Data provided:

[Start of Attachment]

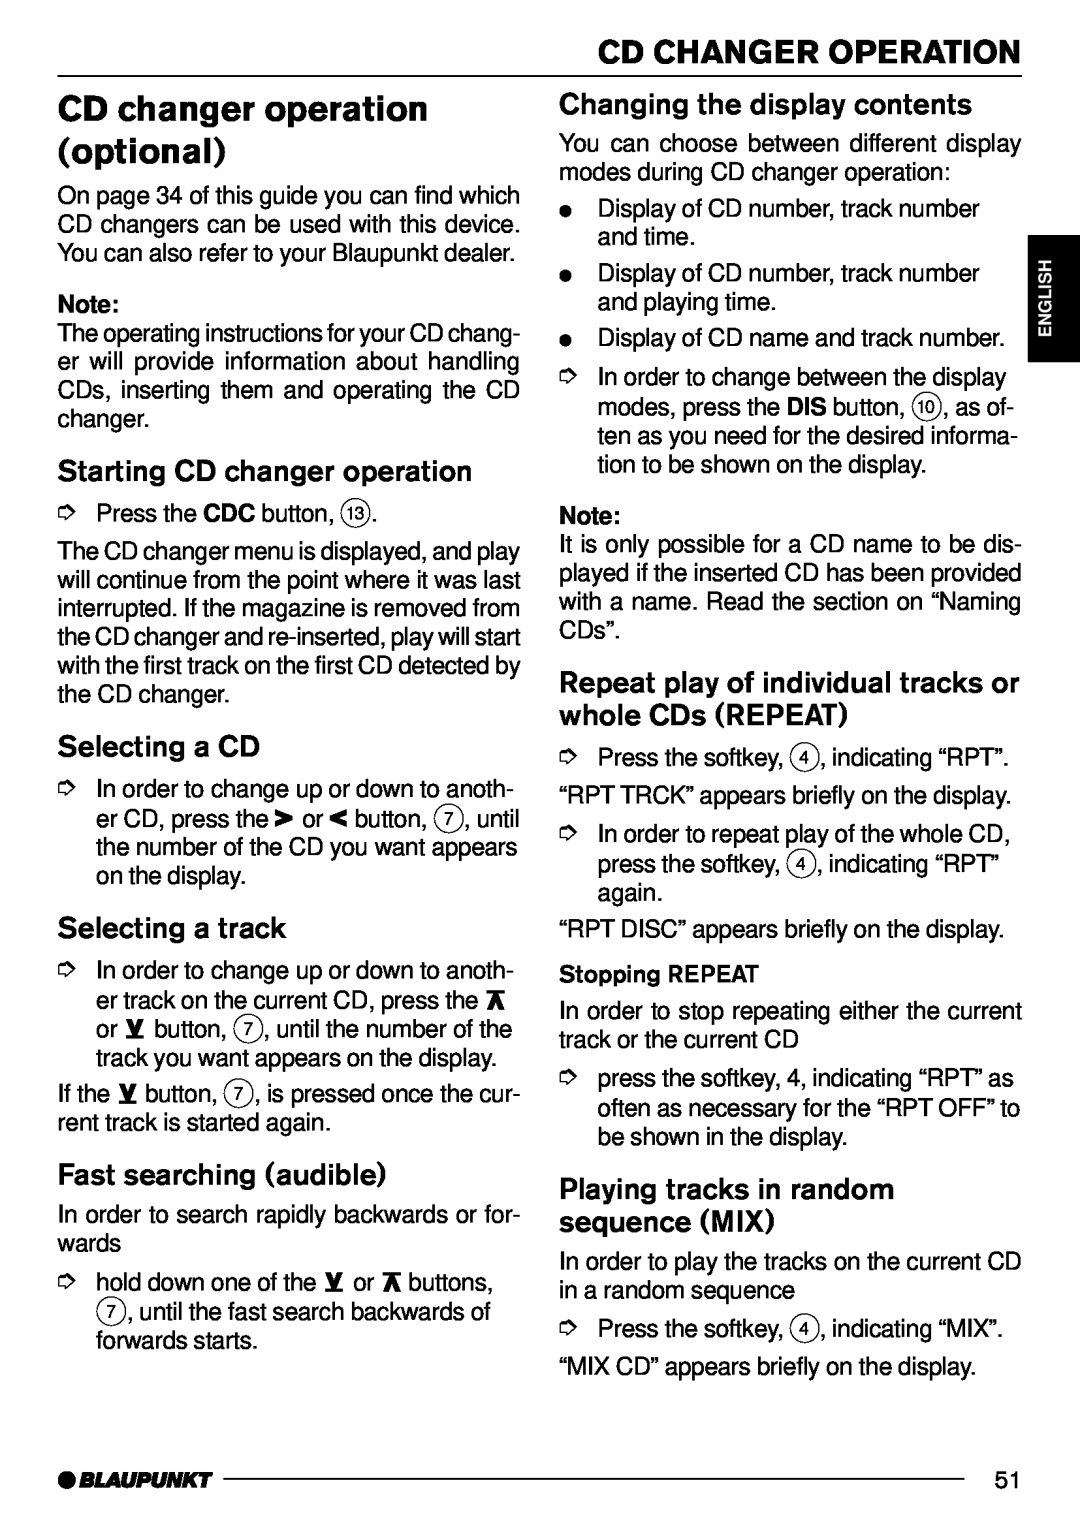 Blaupunkt Orlando CD70 CD changer operation optional, Cd Changer Operation, Starting CD changer operation, Selecting a CD 
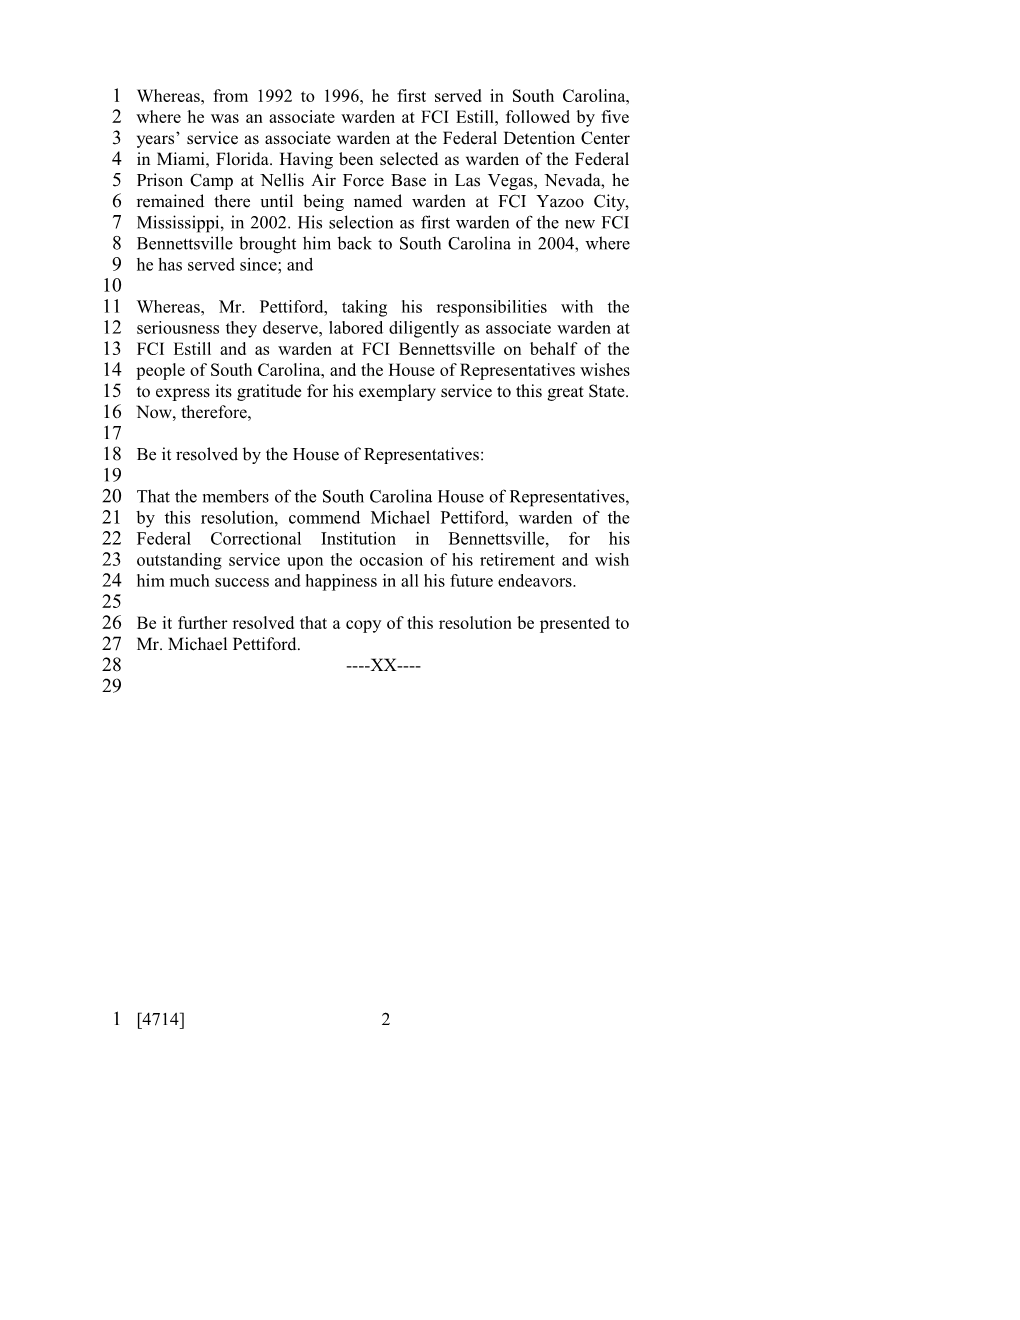 2007-2008 Bill 4714: Michael Pettiford - South Carolina Legislature Online
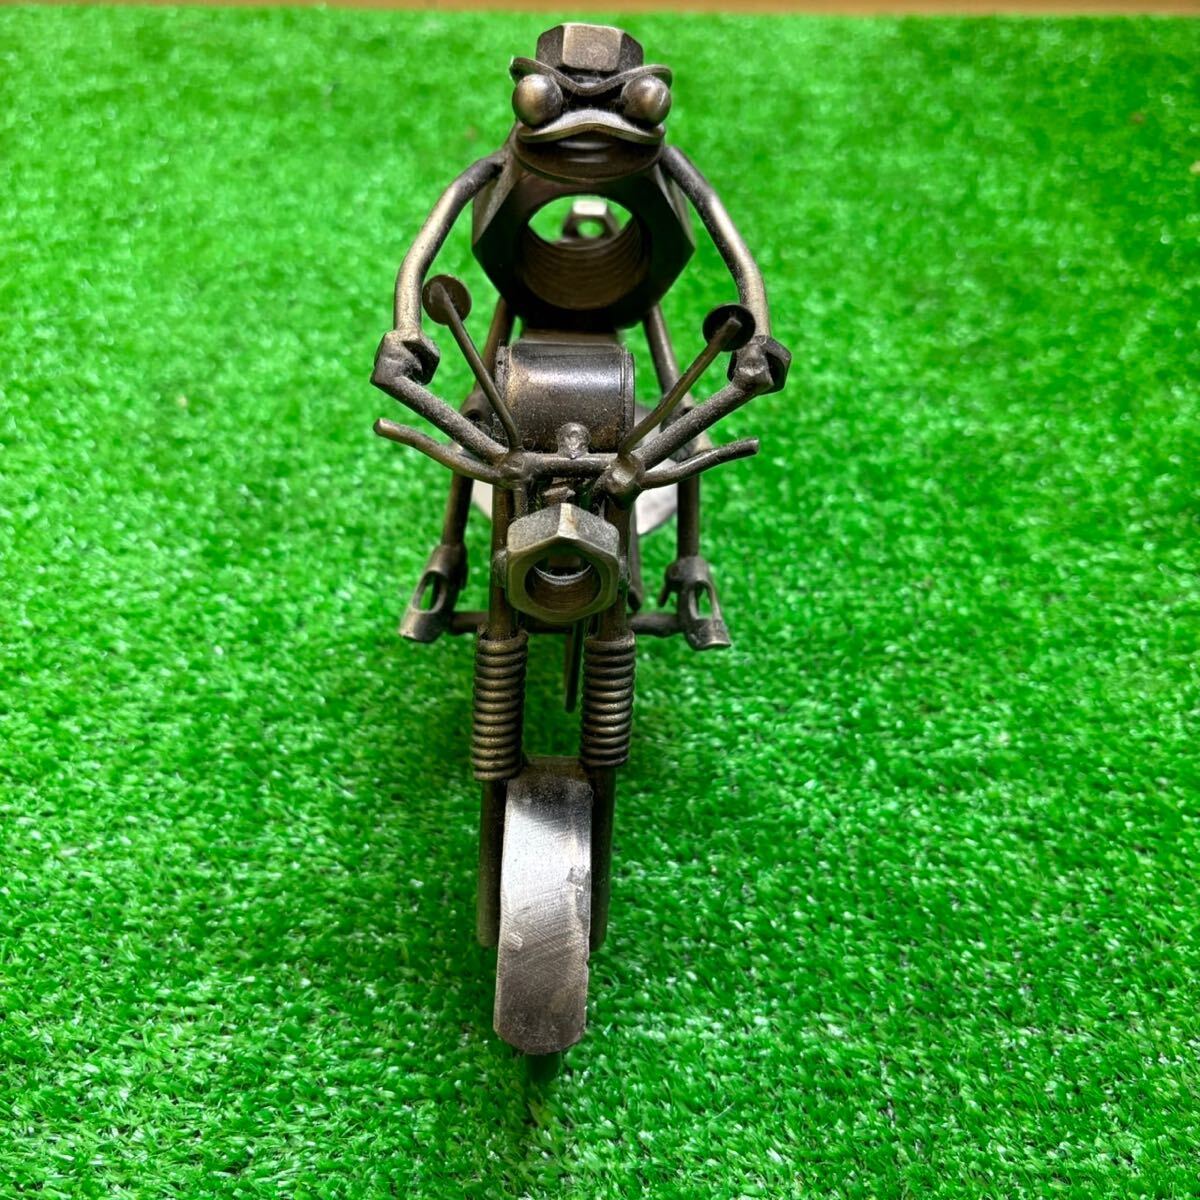  metal craft мотоцикл ... Junk искусство металл искусство металлический bike лягушка болт гайка интерьер смешанные товары украшение сувенир

[End of Attachment]

Task to carry out: With pictures left out, repeat exactly the lines from the one containing "2007-2008 Bill 4714: Michael" through the last line of the data above, inclusive, and nothing else.

Response to the exercise:
 2007-2008 Bill 4714: Michael Pettiford - South Carolina Legislature Online
  metal craft мотоцикл ... Junk искусство металл искусство металлический bike лягушка болт гайка интерьер смешанные товары украшение сувенир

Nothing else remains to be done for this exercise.